Вита мило покраснела и опустила безразмерные глаза.
– Пусть станет достоянием общественности, – сказала Юля, – что Фукса все считают клоуном, потому что он постоянно понтуется и выделывается, как будто он на сцене в КВНе, и никто его всерьез не воспринимает, кроме Виты. Я права?
– Права, – пролепетала Вита.
– А еще чтоб вы знали, – продолжила Юля, – что большая грудь – это не подарок. Вы хоть представляете себе, сколько сил нужно потратить, чтобы найти лифчик по размеру, и сколько бабок он стоит? И как с этим хозяйством бегать два километра на физре? И разве кто-то мне даст освобождение от спорта из-за большой груди? Скажут – гнилая отмазка. Никто не понимает, какое это наказание. Я из-за этого вечно сутулюсь, и у меня болит спина. После восемнадцати я обязательно сделаю себе пластическую операцию и уменьшу грудь. Родители обещали, что это будет их подарком на выпускной, если я сдам все экзамены не ниже чем на девяносто и поступлю на медицинский.

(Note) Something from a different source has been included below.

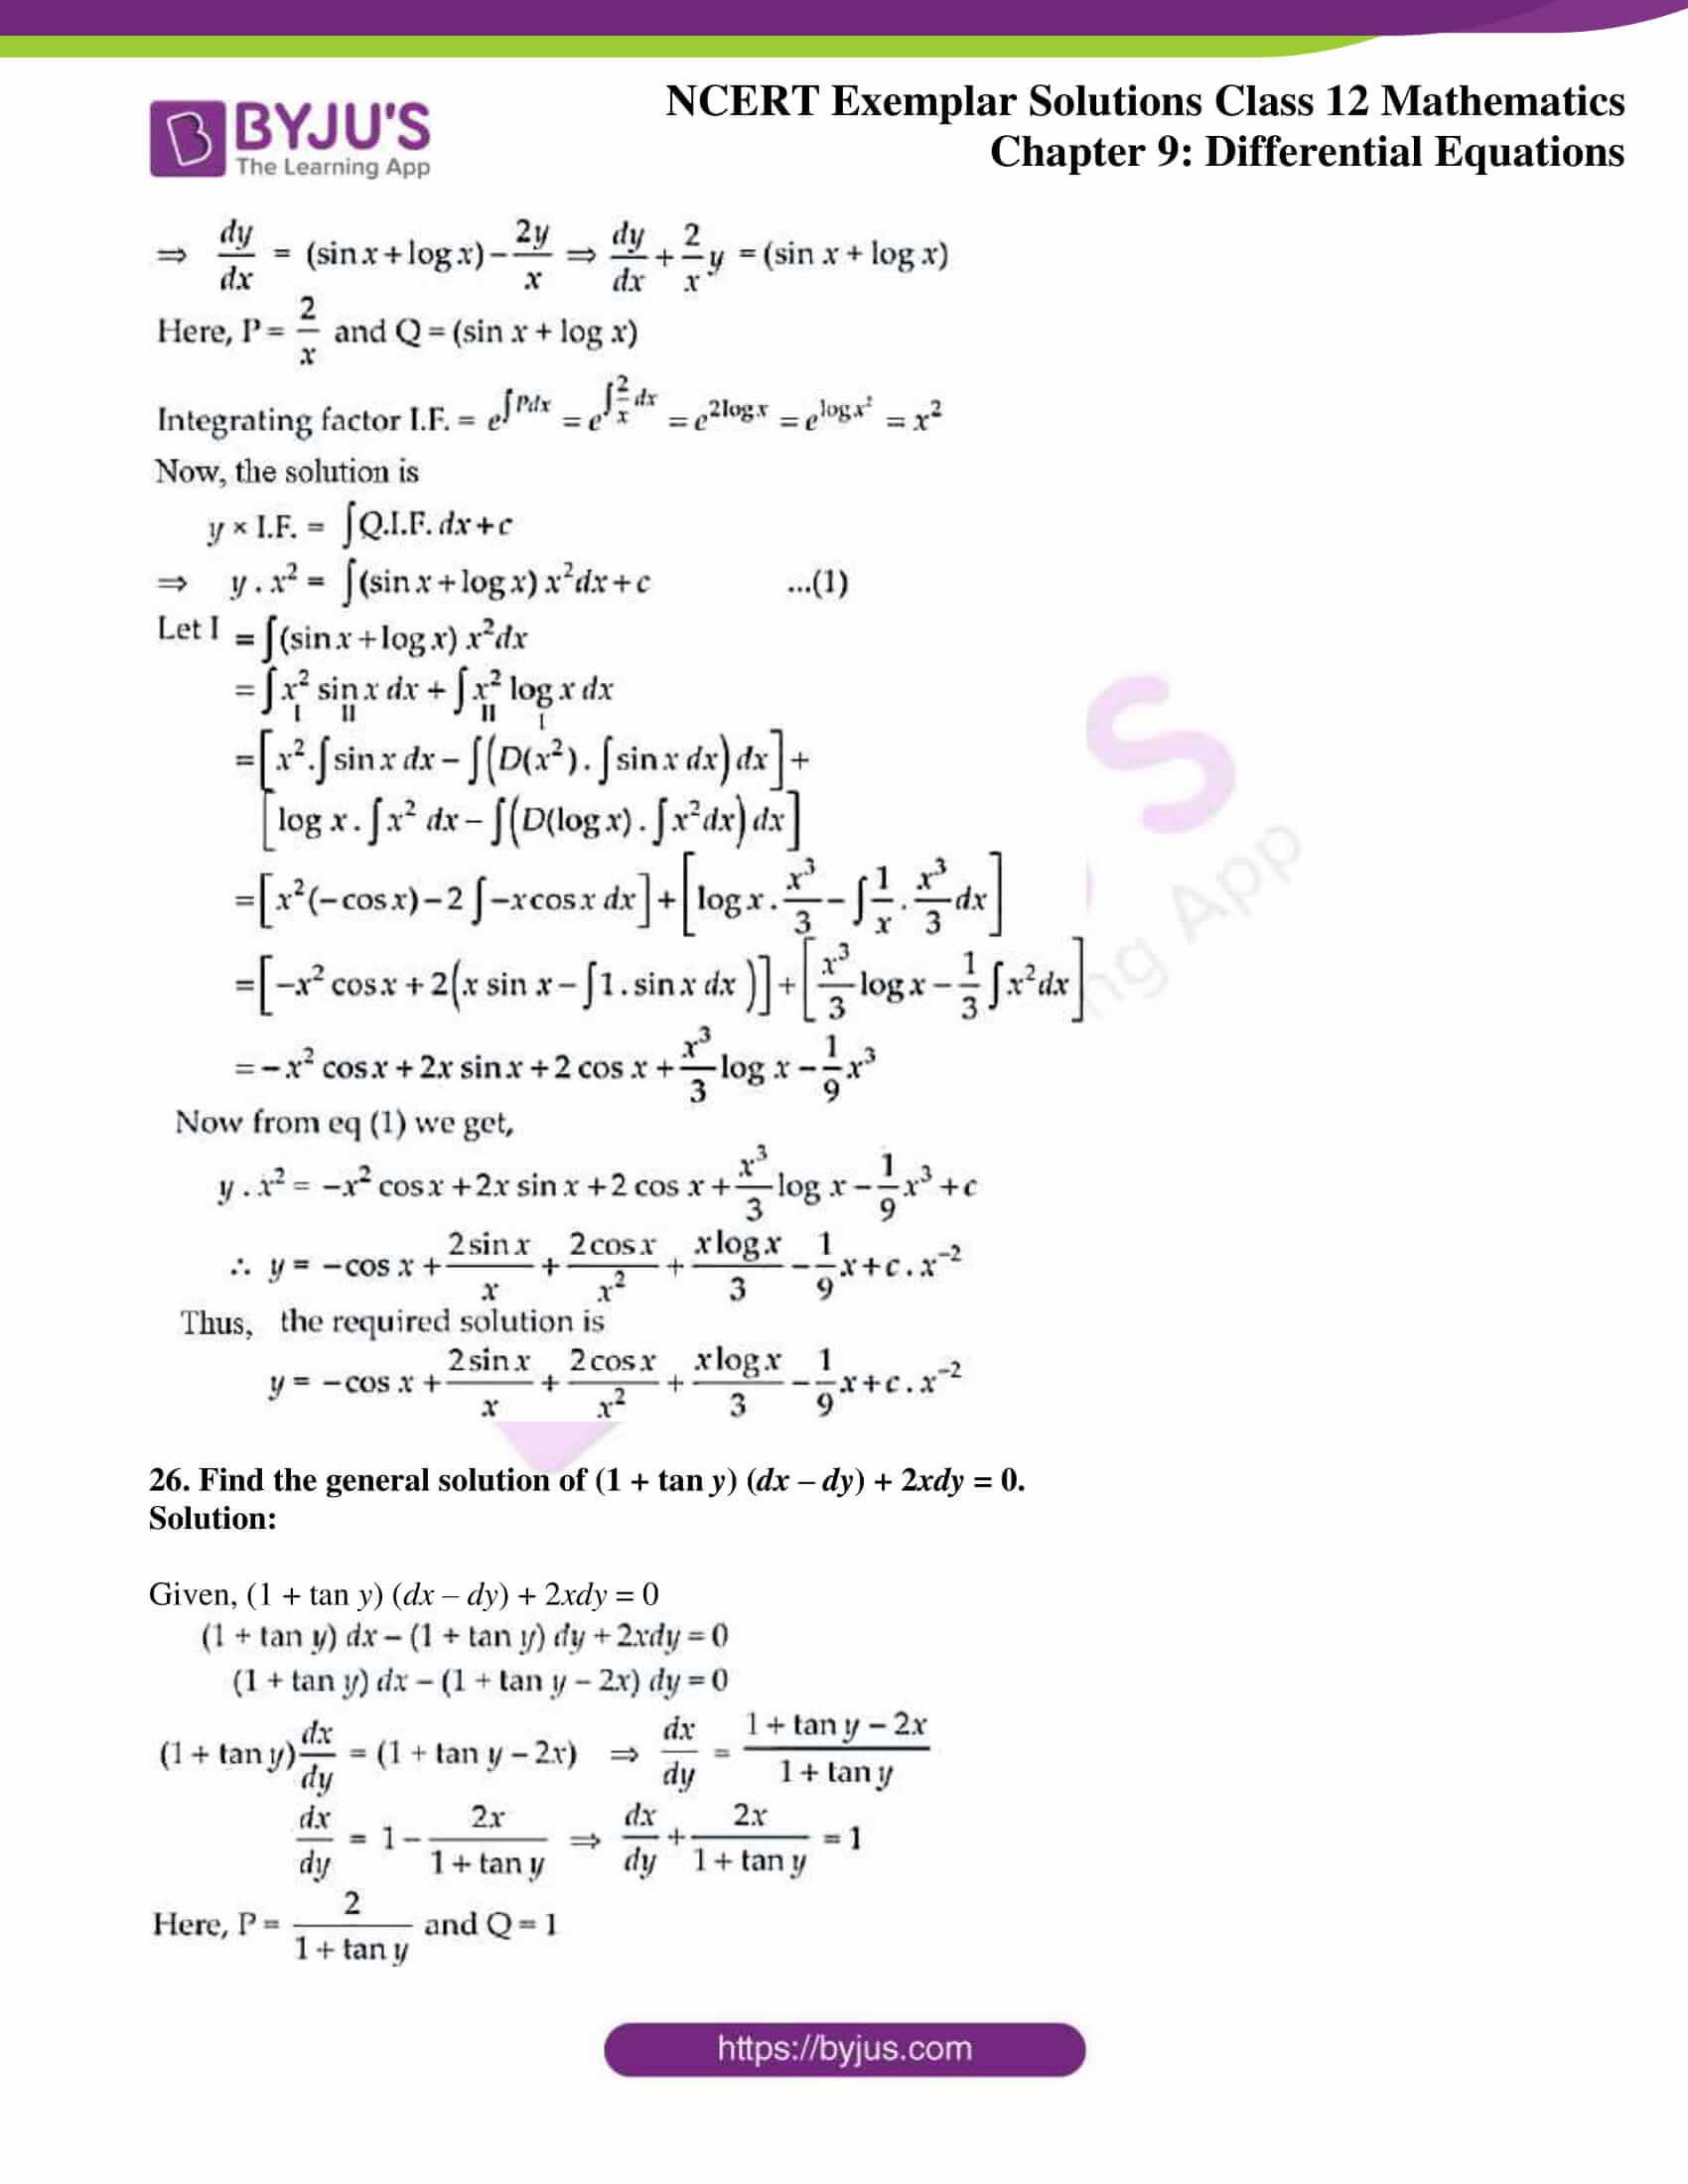 ncert exemplar sol class 12 mathematics ch 9 15

– Ты больная?! – вскричал Никита. – Не смей!
– Тебя забыла спросить. Я всегда мечтала стать врачом.
– Грудь не смей трогать. Да все пацаны же… – Никита замолк, видимо вспомнив, что все же существуют определенные вещи, которые не должны стать достоянием общественности.
– Пусть станет достоянием общественности, – сказал Натан Давидович, глядя на крошки в опустевшей тарелке, – что Комильфо меня террозирует. Да это и так достояние общественности. Она невозможный человек, у нее не все дома, и она даже не способна сказать вслух три простых слова на русском языке. Но я ее люблю все равно. Я сто раз пытался ее разлюбить, но у меня ничего не вышло. Вот это настоящее наказание.

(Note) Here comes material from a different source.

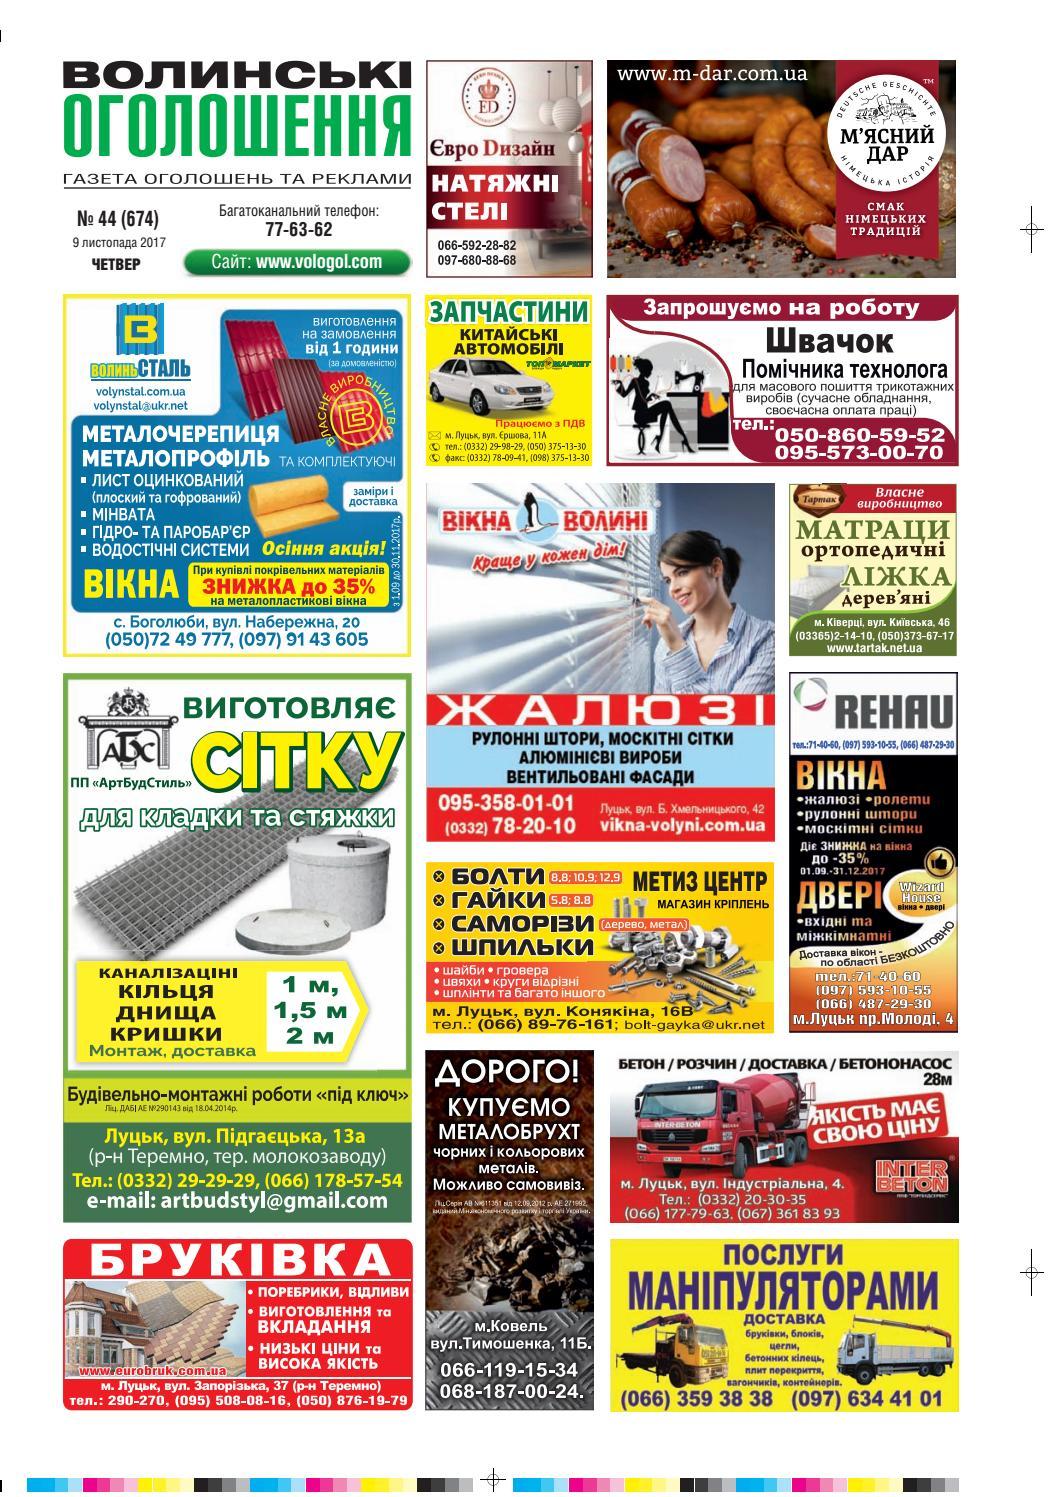 Волинські оголошення  44 (674) by Марк-Медіа - issuu c4851e55093c2

– Вам нельзя расставаться, – изрек Юра. – Вы самая устойчивая пара во всей нашей группе, да и единственная на данный момент. Вы оплот стабильности.
Ничего себе “оплот”. Если это оплот, то как выглядит нестабильность?
– Шульц прав, – произнесла моя бывшая лучшая подруга. – Комильфо, скажи Натану Давидовичу, что ты его любишь.
Я была очень тронута всем происходящим. Нет, “тронута” – слабое слово.
– Пусть станет достоянием общественности то, что написала Влада, – сказала я.
– Ты уверена? – впервые заговорил Тенгиз.
Все уставились на него с изумлением, будто только сейчас вспомнили о его присутствии.
– Да.
– Комильфо… – Потусторонний черный взгляд просверливал меня до самой изнанки. – Разве ты хотела это сделать достоянием общественности?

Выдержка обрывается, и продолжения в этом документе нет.